Theater Review: “Little Women” big on talent at Pennsylvania Playhouse
BY PAUL WILLISTEIN
pwillistein@tnonline.com
The production of “Little Women: The Play” is big on talent at The Pennsylvania Playhouse.
The Playhouse production is charmed and charming with a talented cast skillfully directed by Melissa Miller.
Miller expertly navigates the sentimentality, the tragedy (what becomes of the March sisters) and the humor of young ladies as individualistic as their dreams.
Each actor creates a distinctive personality true to the script by Kate Hamill, adapted from the 1868 novel by Louisa May Alcott (1832-1888).
The Kate Hamill play premiered off-Broadway in 2019 at the Cherry Lane Theatre, New York City.
The novel was adapted for a play by Marian de Forest, which opened on Broadway at the Playhouse Theatre in 1912, and revived on Broadway in 1917, 1931, 1944 and 1946.
A musical version, with book by Allan Knee, lyrics by Mindi Dickstein, and music by Jason Howland, opened on Broadway at the August Wilson Theatre in 2005.
I have not seen the Marian de Forest version, nor read the script of that play, nor seen the musical version.

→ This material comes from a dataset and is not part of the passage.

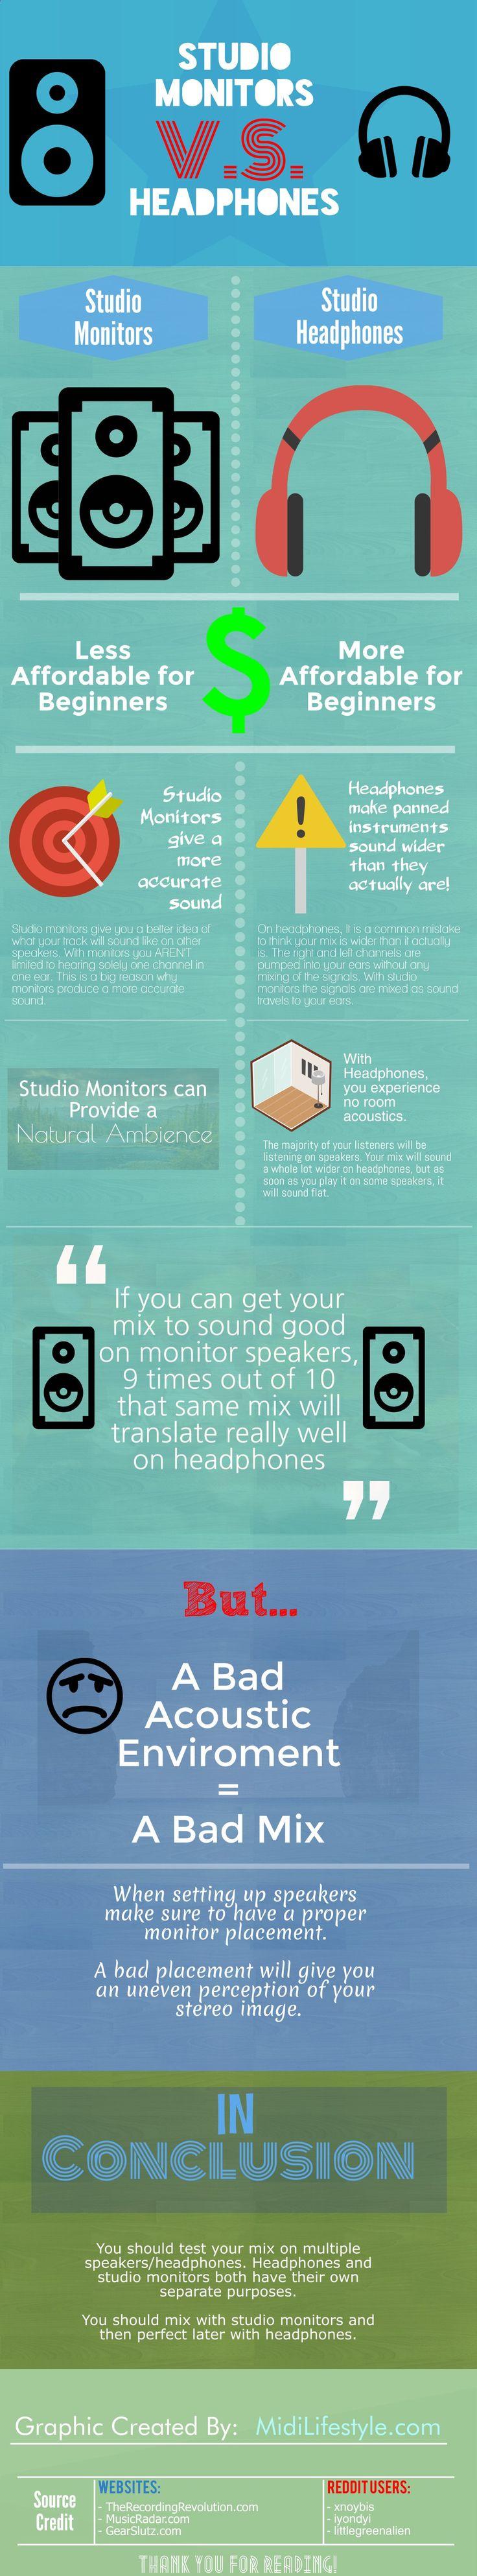 headphones vs studio monitorshttp://www.midilifestyle.com/blog/studio-monitors-vs-headphones-what-is-the-best-option/
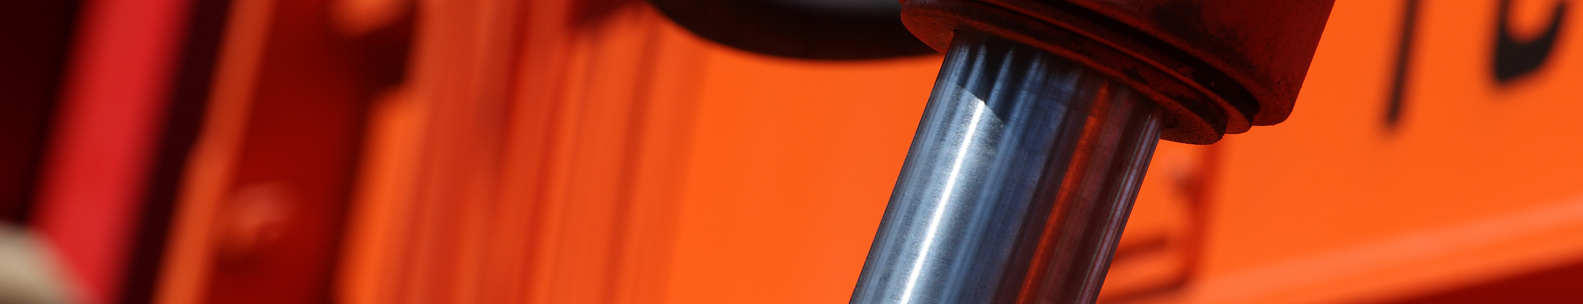 Pneumatika  Pažangūs, aukštos kokybės pneumatikos įrengimai

The play by Kate Hamill is a contemporary take on topics inherent in the novel: sibling rivalry, friendship and love; the sisters’ individual longings, and pressures on the family in the socio-economic climate of its day. The play takes place in the sisters’ March family home in Concord, Mass., in the 1860s during the Civil War.
I have seen four of the theatrical movie versions.
There is the 1933 version directed by George Cukor and starring Katharine Hepburn.
A 1949 version directed by Mervyn LeRoy stars Elizabeth Taylor, June Allyson, Janet Leigh and Margaret O’Brien.
A 1994 version directed by Gillian Armstrong stars Winona Ryder, Kristen Dunst, Claire Danes, Susan Sarandon and Christian Bale.
A 2019 version directed by Greta Gerwig stars Saoirse Ronan, Emma Watson, Florence Pugh, Laura Dern, Meryl Streep and Timothee Chalamet.
The film pedigree of “Little Women” certainly fits the bill for the Playhouse’s 2025 season theme of plays as movies and movies as plays.
The novel, said to be semi-autobiographical, is considered one of the first coming-of-age fiction stories. The play concentrates on a more narrow timeline.
The Playhouse production, with Set and Lighting Design by Brett Oliveira, Costume Design by Safran Astra and Sound and Music Design by Amanda Haag moves briskly through a series of scenes that function as vignettes. The Dec. 7, 2025, performance was seen for this review.
The realism, a hallmark of the novel, that the actors bring to the Playhouse stage is impressive, believable and noteworthy. Director Melissa Miller balances the novel’s serious themes with the humor that playwright Kate Hamill culls.
In the Playhouse production, the March family of young ladies is portrayed with chamber ensemble clarity.
At the play’s center is Jo March (Mia Zappacosta). There’s always an area actor who appears in the firmament of the Lehigh Valley stage like a comet. Such is Zappacosta in her Playhouse debut. She made the character, by turns, audacious, humorous, serious, and pleased to receive $30 for her first newspaper article as the American Civil War swirls around the March family.
Angella Brown (Amy March), in her Playhouse debut, elicits many of the play’s laugh lines through her character’s misuse of words. Amy is the Miss Malaprop of the March Sisters, and Jo never lets her forget it as she jots down her sister’s verbal faux pas in her notebook.
Bryanna Pye (Meg March) projects the most even-keeled personality of the sisters. The character she plays is that of the family peace-maker and, sometimes, referee.
Emma Funderburk (Beth March), in her Playhouse debut, plays her role in such a fragile way that she is wan and wraith-like, successfully foreshadowing her characters’ fate. Her final scene, which brings the play to an emotional climax, genuinely starts the tears flowing, on-stage and off.
“Little Women” is not an easy drama to pull off and the Playhouse ensemble of Krista Metter (Marmee), Nana Nyanor (Hannah), Alec Gould (Laurence), Charlie Dalrymple (Mr. Laurence), Shawn McCoy (John Brooks), Amy Oselkin (Mrs. Mingott) and Daniel VanArsdale (Parrot) do so with exemplary performances.
The title, “Little Women,” almost becomes a pun on the big ideas that permeate the dialogue of the splendid Pennsylvania Playhouse production. There’s nothing little about these women.